An image segmentation and masking module, used for segmenting the sample enhanced image to obtain an enhanced image block group, and performing masking processing on some image blocks in the enhanced image block group to obtain a masked image block group;

a posture recognition module, configured to obtain first posture recognition information of the target object through a first network based on the mask image block group; and obtain second posture recognition information of the target object through a second network based on the enhanced image block group;

A self-supervised training module, configured to perform self-supervised training on the first network according to a difference between the first posture recognition information and the second posture recognition information;

A model building module is used to build an object posture recognition model based on the first network after self-supervised training.

13. An object gesture recognition device, comprising:

An image acquisition module to be identified, used to acquire an image to be identified;

A posture recognition module, used to recognize the posture of the target object in the image to be recognized by using a pre-built object posture recognition model; wherein the object posture recognition model is obtained based on the object posture recognition model construction method described in any one of claims 1 to 10.

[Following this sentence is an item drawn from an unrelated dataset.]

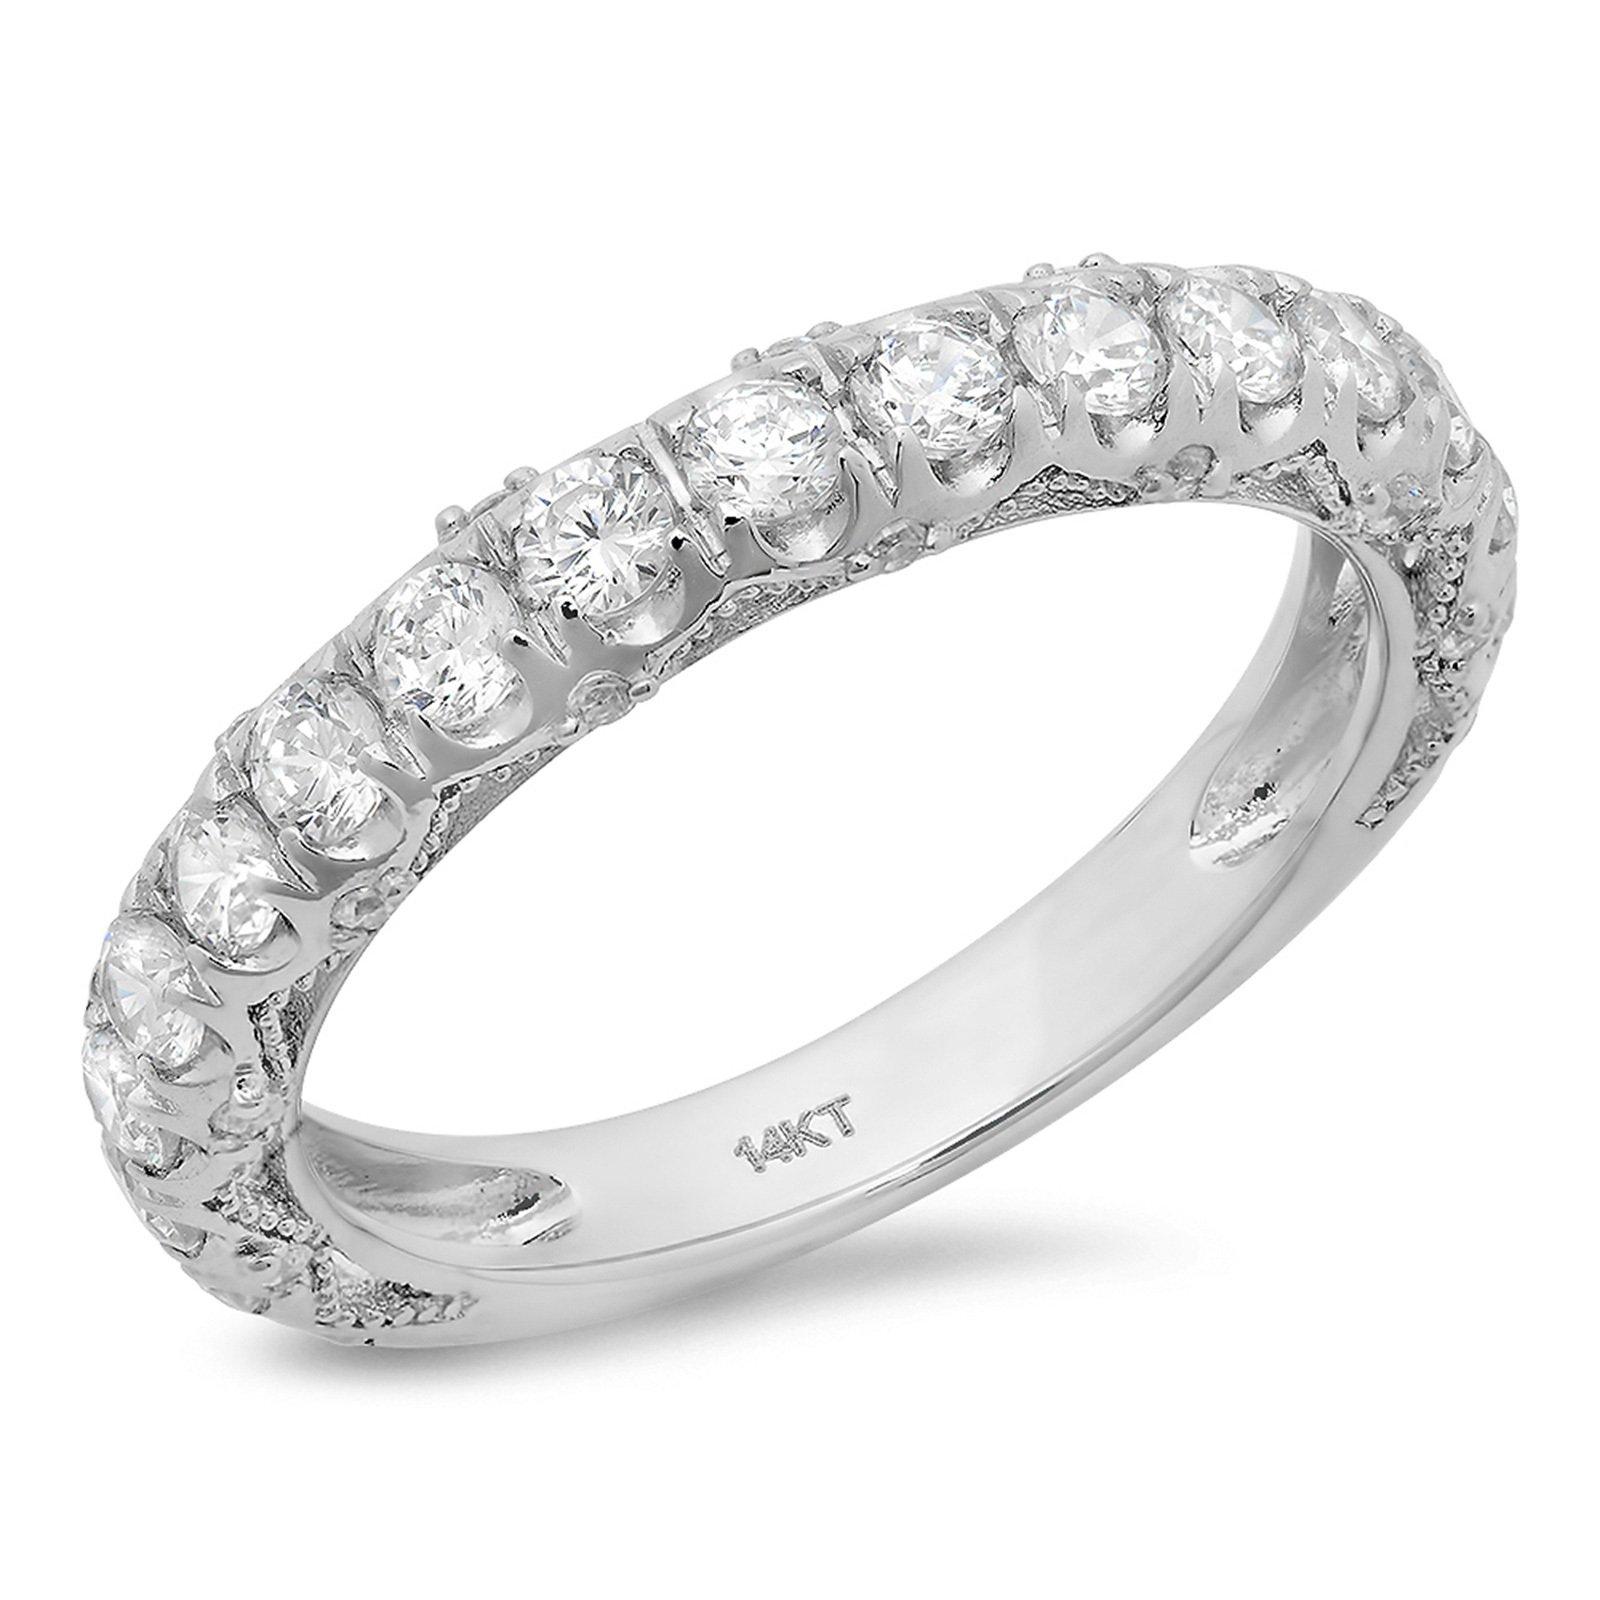 Clara Pucci 3.1 CT Round Cut CZ Pave Set Bridal Wedding Engagement Band Ring 14k White Gold, Size 8

14. An electronic device, characterized in that the electronic device comprises:

processor;

a memory for storing instructions executable by the processor;

The processor is used to read the executable instructions from the memory and execute the instructions to implement the method for constructing an object posture recognition model described in any one of claims 1 to 10, or to implement the object posture recognition method described in claim 11.

15. A computer-readable storage medium, characterized in that the storage medium stores a computer program, and the computer program is used to execute the method for constructing an object posture recognition model described in any one of claims 1 to 10, or to implement the object posture recognition method described in claim 11.